**Exercise requirements**
Leave every picture out, then reproduce the rest of the listing exactly.

**Data extract**
· · · · ·
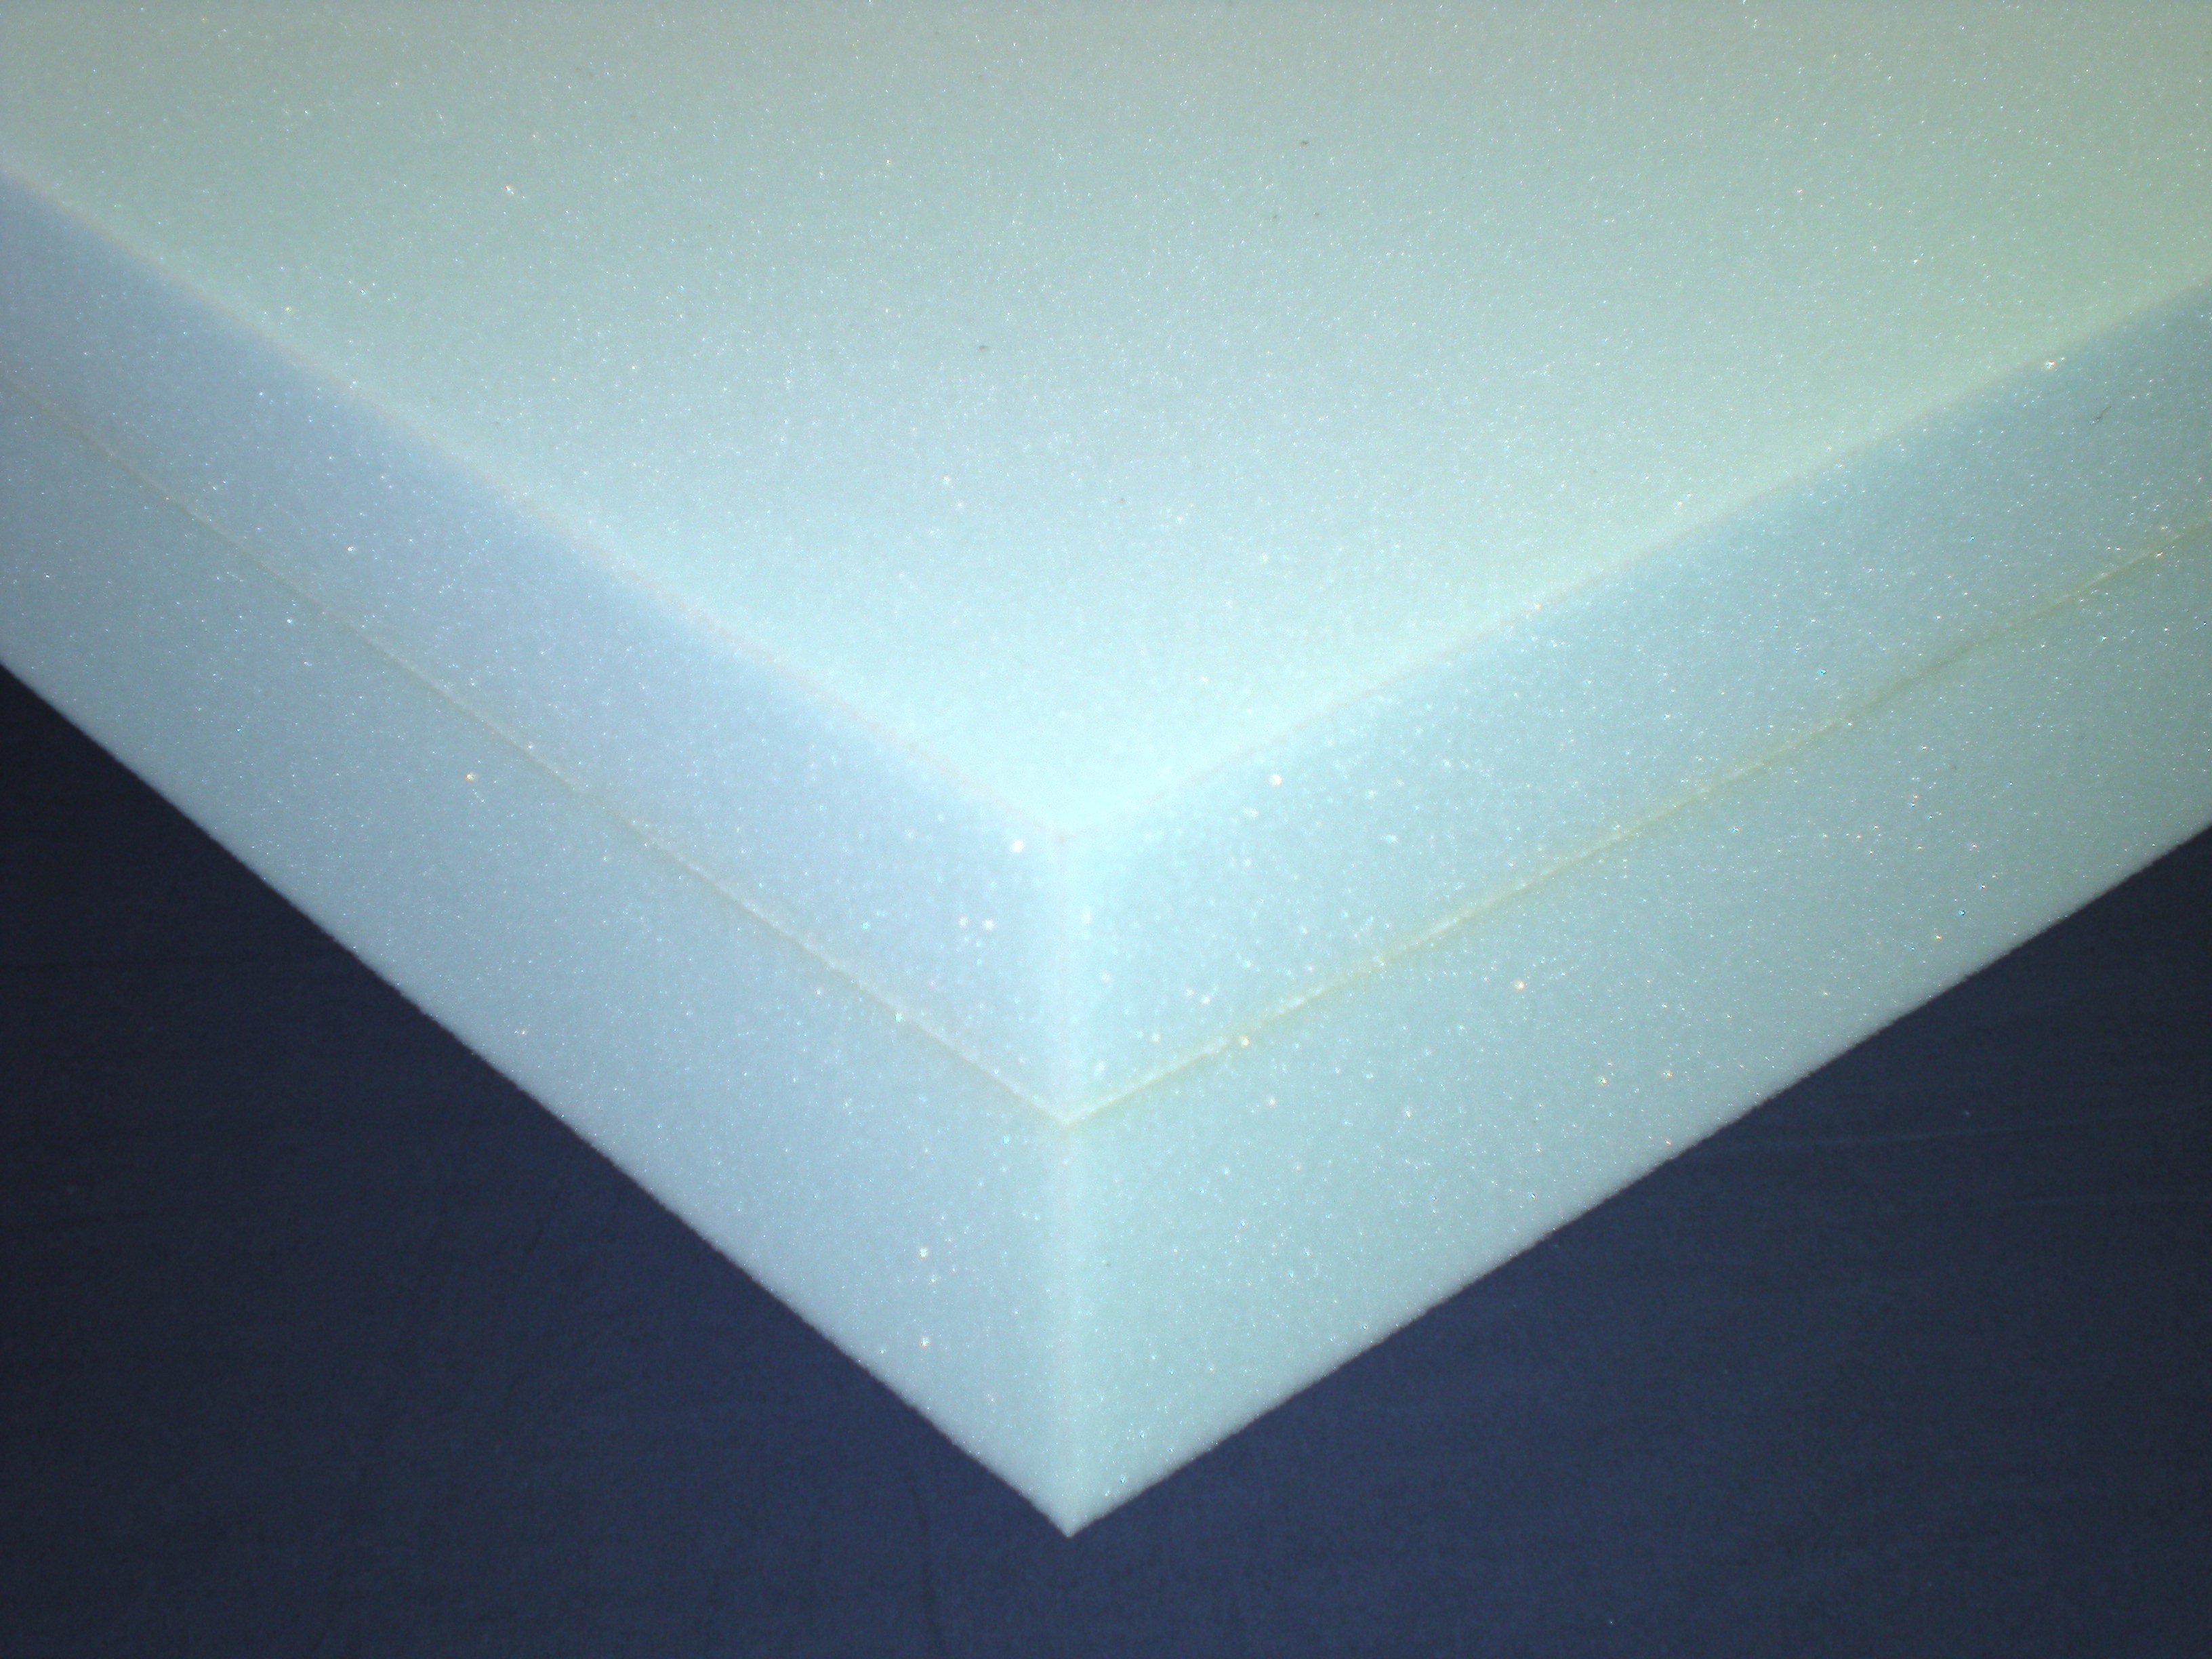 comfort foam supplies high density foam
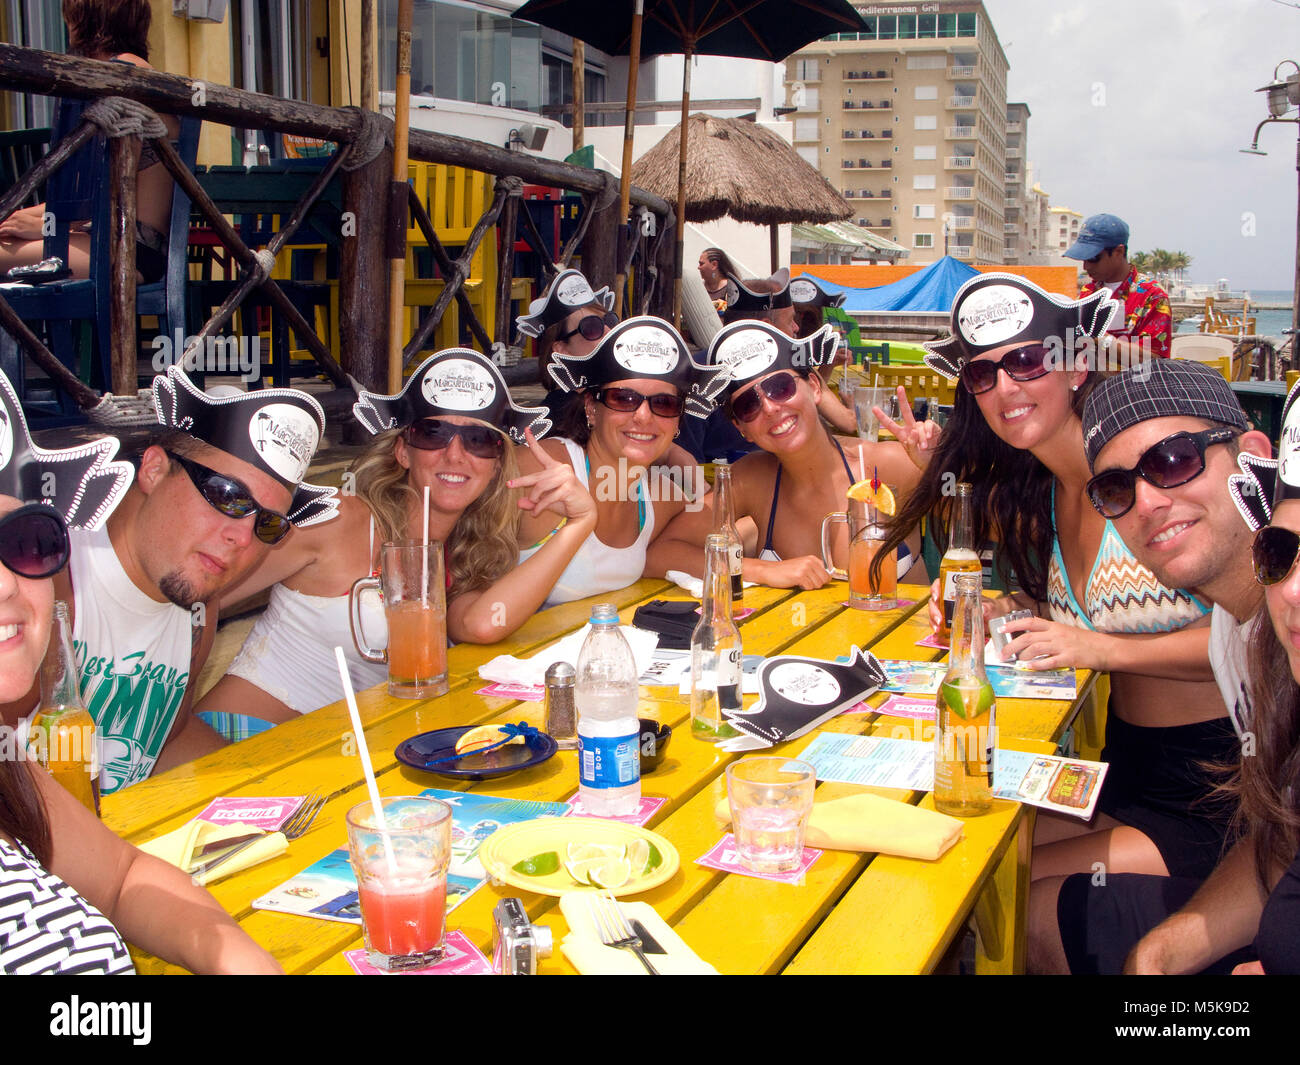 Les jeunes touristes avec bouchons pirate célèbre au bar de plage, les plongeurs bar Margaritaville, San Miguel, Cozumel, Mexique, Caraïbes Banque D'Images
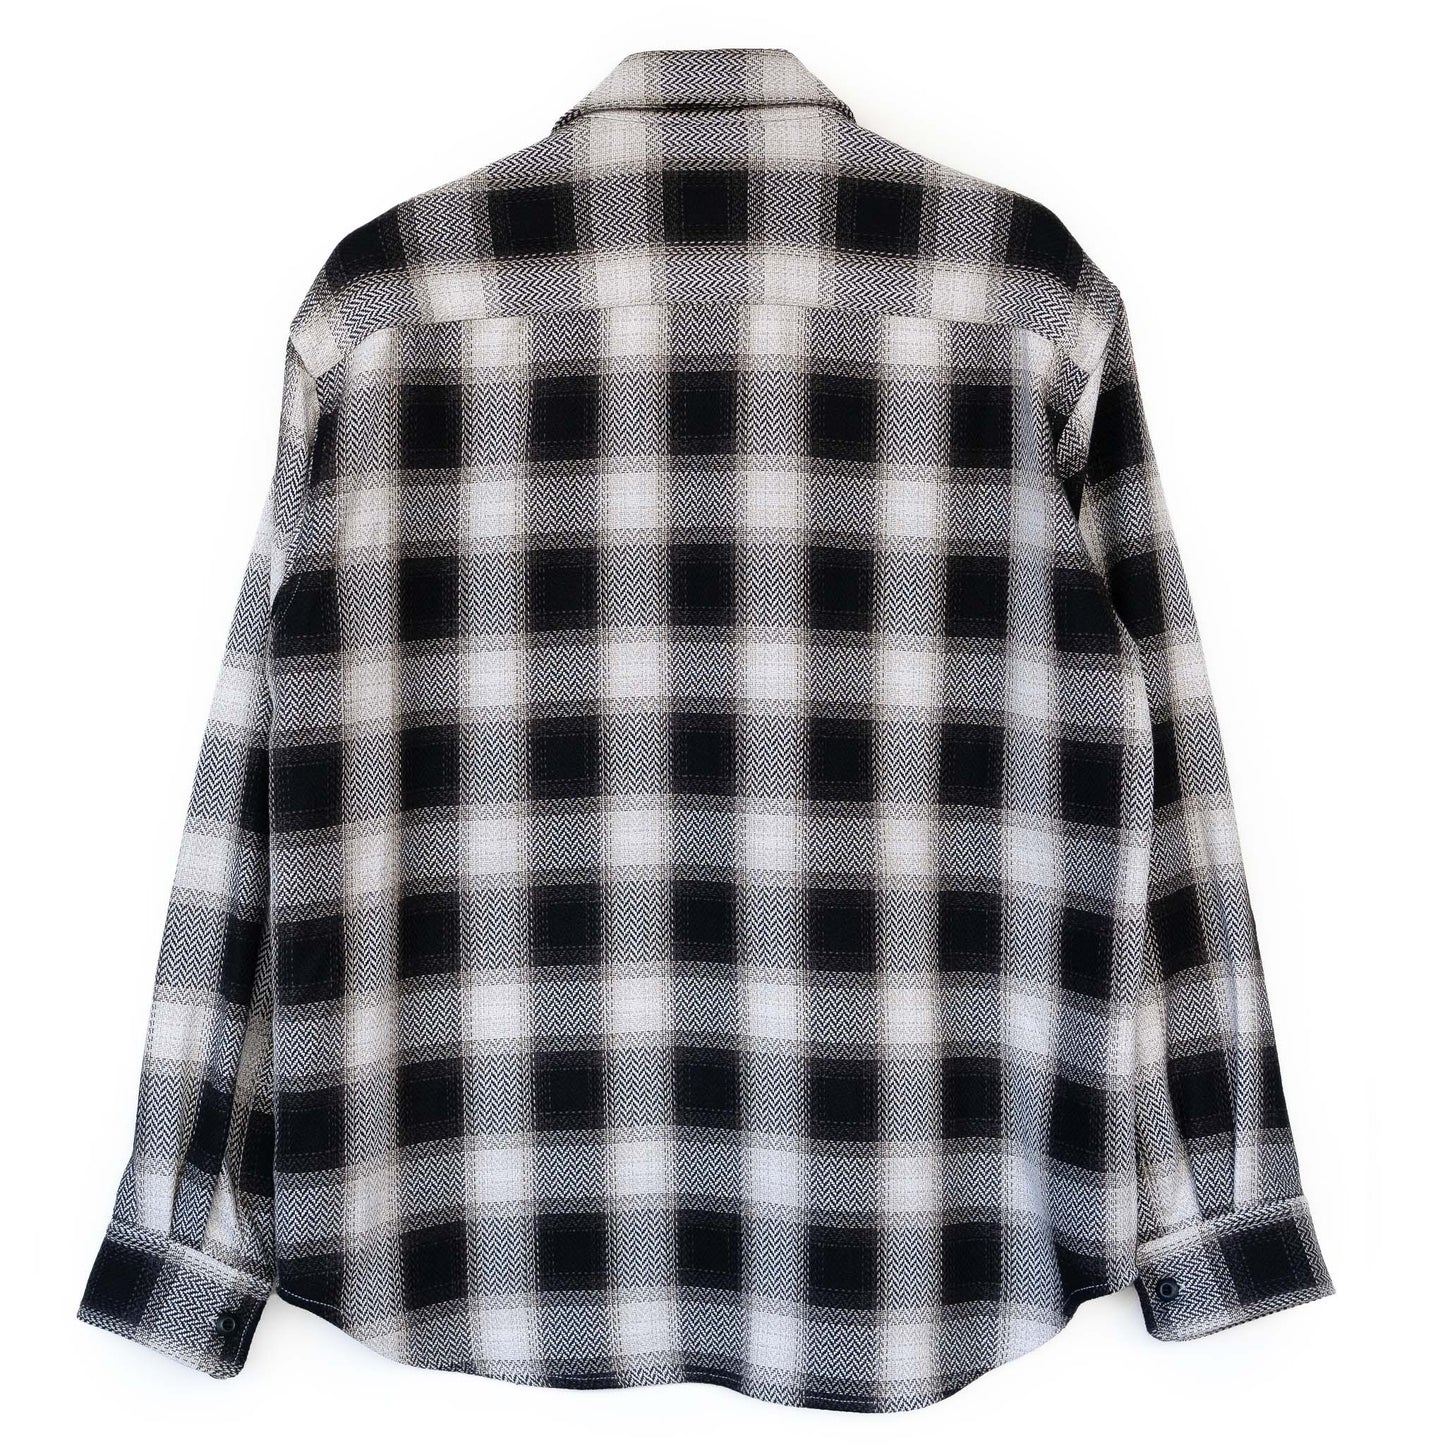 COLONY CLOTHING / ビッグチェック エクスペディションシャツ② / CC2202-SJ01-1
· · · · ·
**Response for this exercise**
 comfort foam supplies high density foam
 Les jeunes touristes avec bouchons pirate célèbre au bar de plage, les plongeurs bar Margaritaville, San Miguel, Cozumel, Mexique, Caraïbes Banque D'Images
 COLONY CLOTHING / ビッグチェック エクスペディションシャツ② / CC2202-SJ01-1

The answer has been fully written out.